True friendships take time: it takes time to build into each other ’s lives. The transparency and trust essential to true friendship cannot be established overnight. Other things, lesser goods, need to be sacrificed to develop and maintain genuine friendships.

In life’s crises, the best gift of friendship is just being there. Hobbies, sports, and entertainment mean little at the graveside. When someone suffers profound loss, we sometimes are tempted to stay away because we don’t know what to say. We forget that in the moment of greatest suffering people do not need words as much as companionship.

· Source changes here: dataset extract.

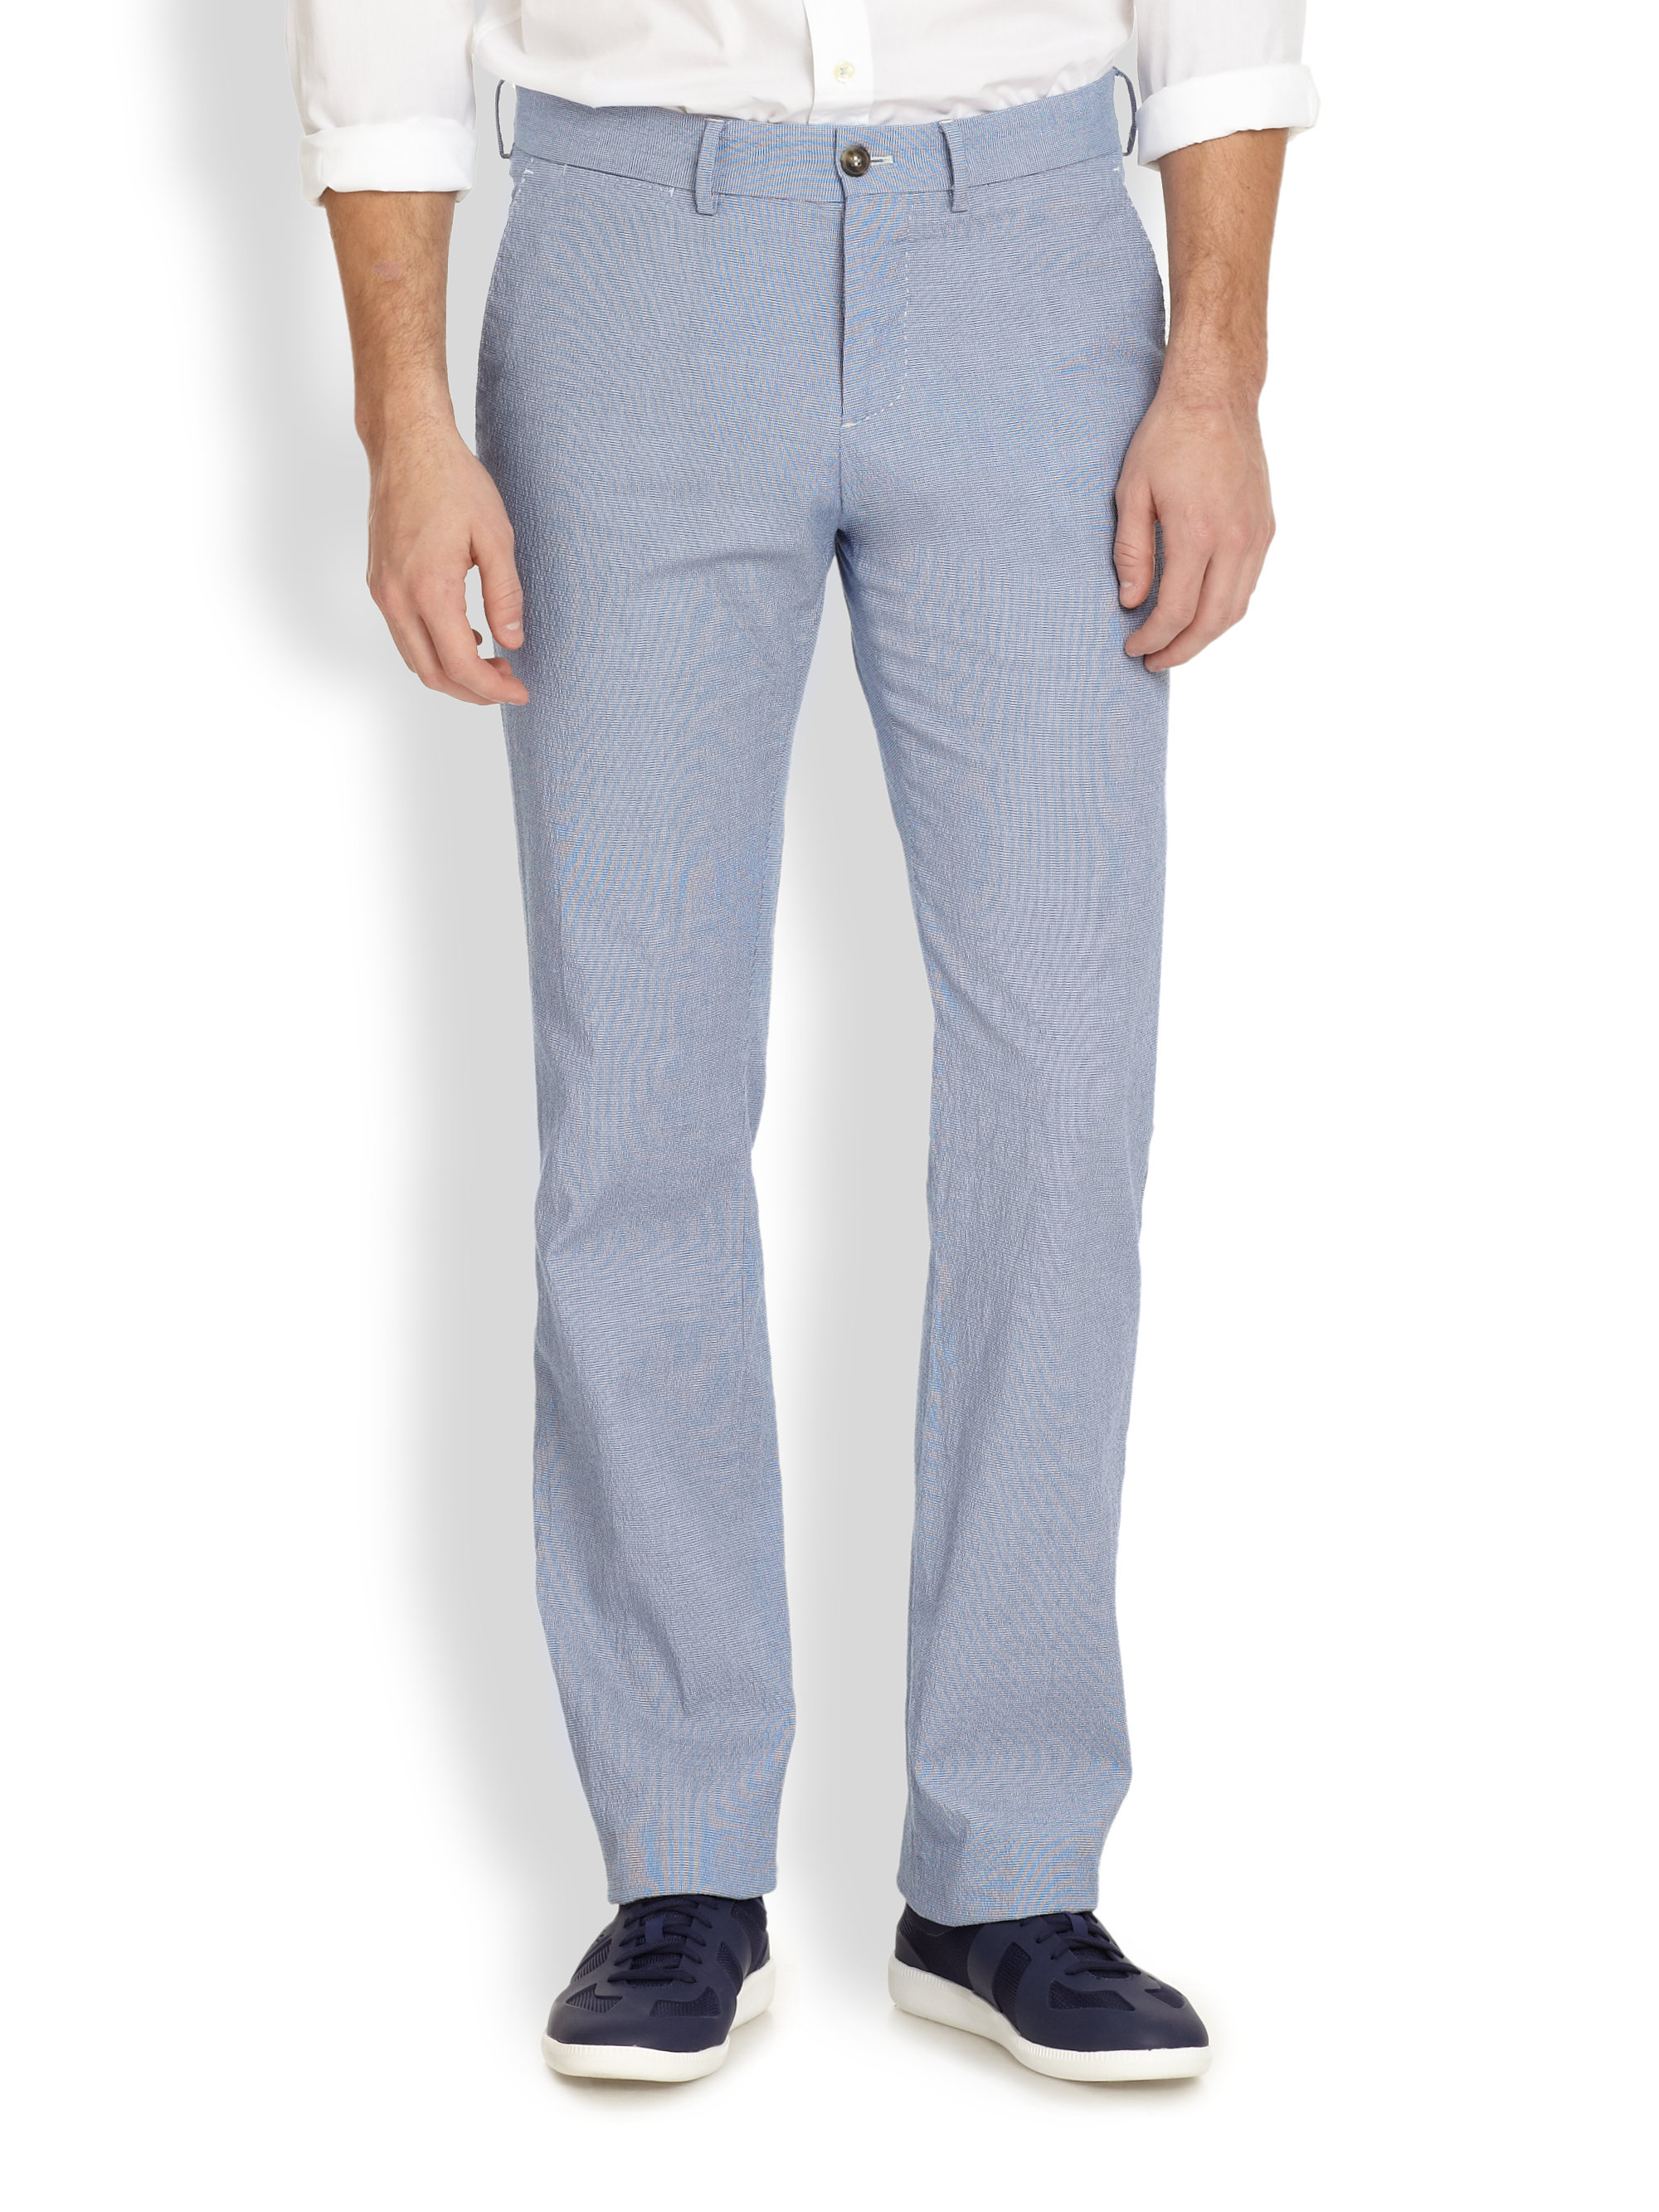 Lyst - Façonnable Seersucker Gingham Cotton Pants in Blue for Men

One man recounts,

“I was sitting, torn by grief. Someone came and talked to me of God’s dealings, of why it happened, of hope beyond the grave. He talked constantly, he said things I knew were true. I was unmoved, except to wish he’d go away. He finally did.

Another came and sat beside me. He didn’t talk. He didn’t ask leading questions. He just sat beside me for an hour or more, listened when I said something, ans answered briefly, prayed simply, left. I was moved. I was comforted. I hated to see him go.”

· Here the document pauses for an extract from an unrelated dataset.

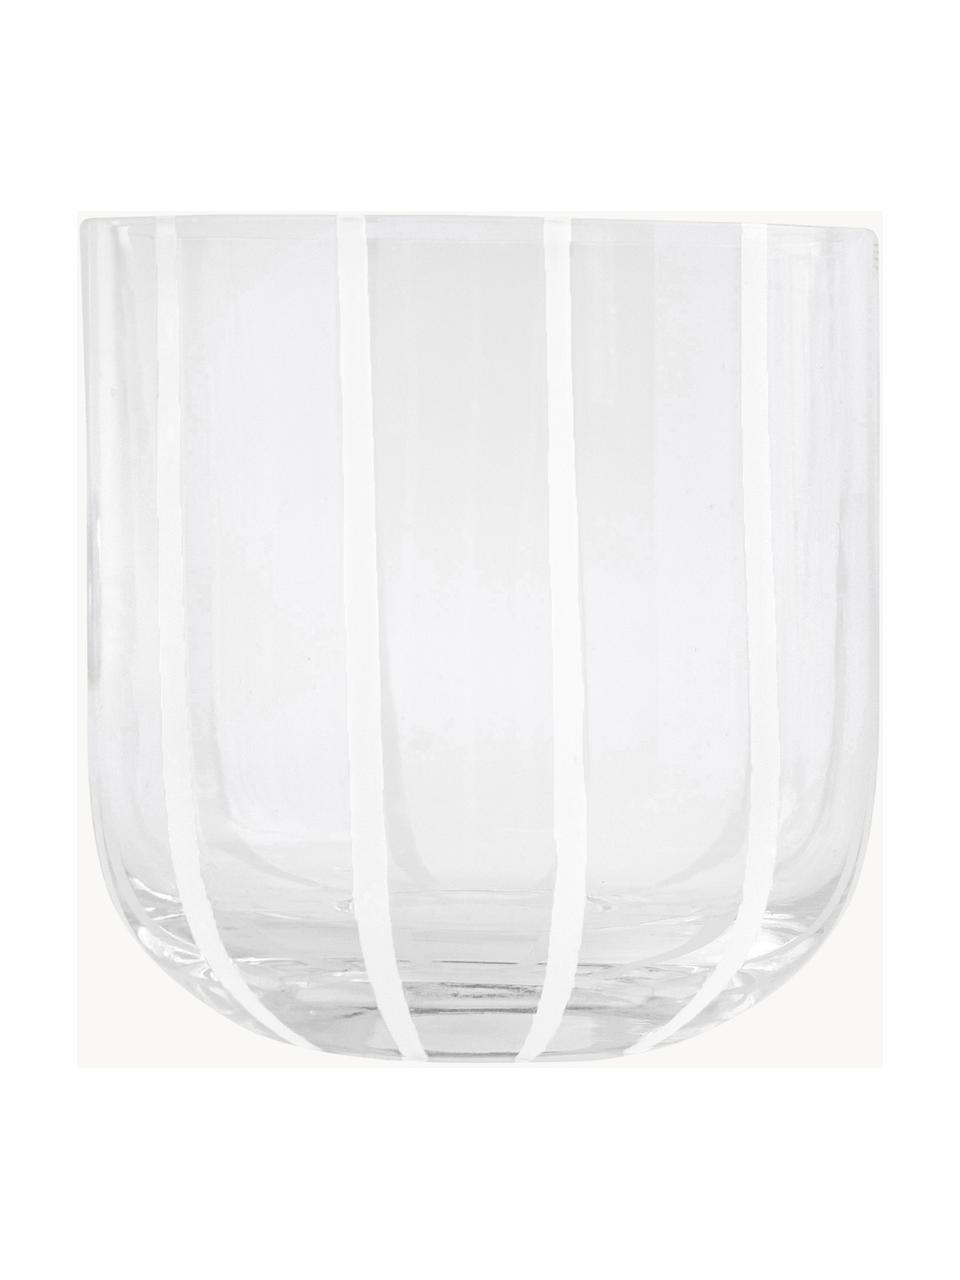 Bicchiere in vetro soffiato Mizu, 2 pz, Vetro, Trasparente, bianco, Ø 8 x Alt. 8 cm, 320 ml

  1. Trust Together – Build trust gradually by proving yourself faithful and giving opportunities to your friend to prove himself faithful to you. That requires you to make yourself vulnerable by revealing your weaknesses, needs, and flaws. Don’t dump your life story on a new friend all at once, but take small steps over time. By developing a history of mutual faithfulness, you develop a foundation of trust on which to build for the future.
  1. Pray Together – Christians often say to each other, “I’ll pray for you.” Why not say, “Let’s pray together right now”? Few things comfort the heart as powerfully as listening to your friend cry out to your God to obtain grace for you in your time of need. Don’t be intimidated about praying out loud. It does not need to be a long, theologically eloquent prayer, just a sincere prayer offered with love for a friend and with faith in Jesus Christ. Sometimes a simple, “Gracious heavenly Father, please be near to my friend and help her because she’s really hurting,” is all that it is needed.
  1. Repent Together – We need to speak both law and gospel to each other. Robert Kelleman says that true spiritual friends “are like the Puritans who practiced the art of loading the conscience with guilt. Like them, we know that to break the habitual web of sin’s deceit, people need to experience the horrors of their sin against God and others.” At the same time, such friends must be skilled in “the art of lightening the conscience with grace,” for, “forgiveness by grace is the dynamic God uses not only to cleanse our lives, but also to change our love. Christ woos us back to God by grace.
  1. Hope Together – One of the blessings of Christian friendship is to encourage each other to keep our eyes fixed on Jesus and the coming of His kingdom. After Paul described what Christ’s coming will mean for believers, he wrote, “Comfort one another with these words” (1 Thess. 4:18). Whether we are old or young, healthy or diagnosed with a terminal illness, we all need to be reminded that this world is not our home, but we have a place in the Father ’s house. We are to be “exhorting one another: and so much the more, as ye see the day approaching” (Heb. 10:25). Hope gives us patience, perseverance, and joy.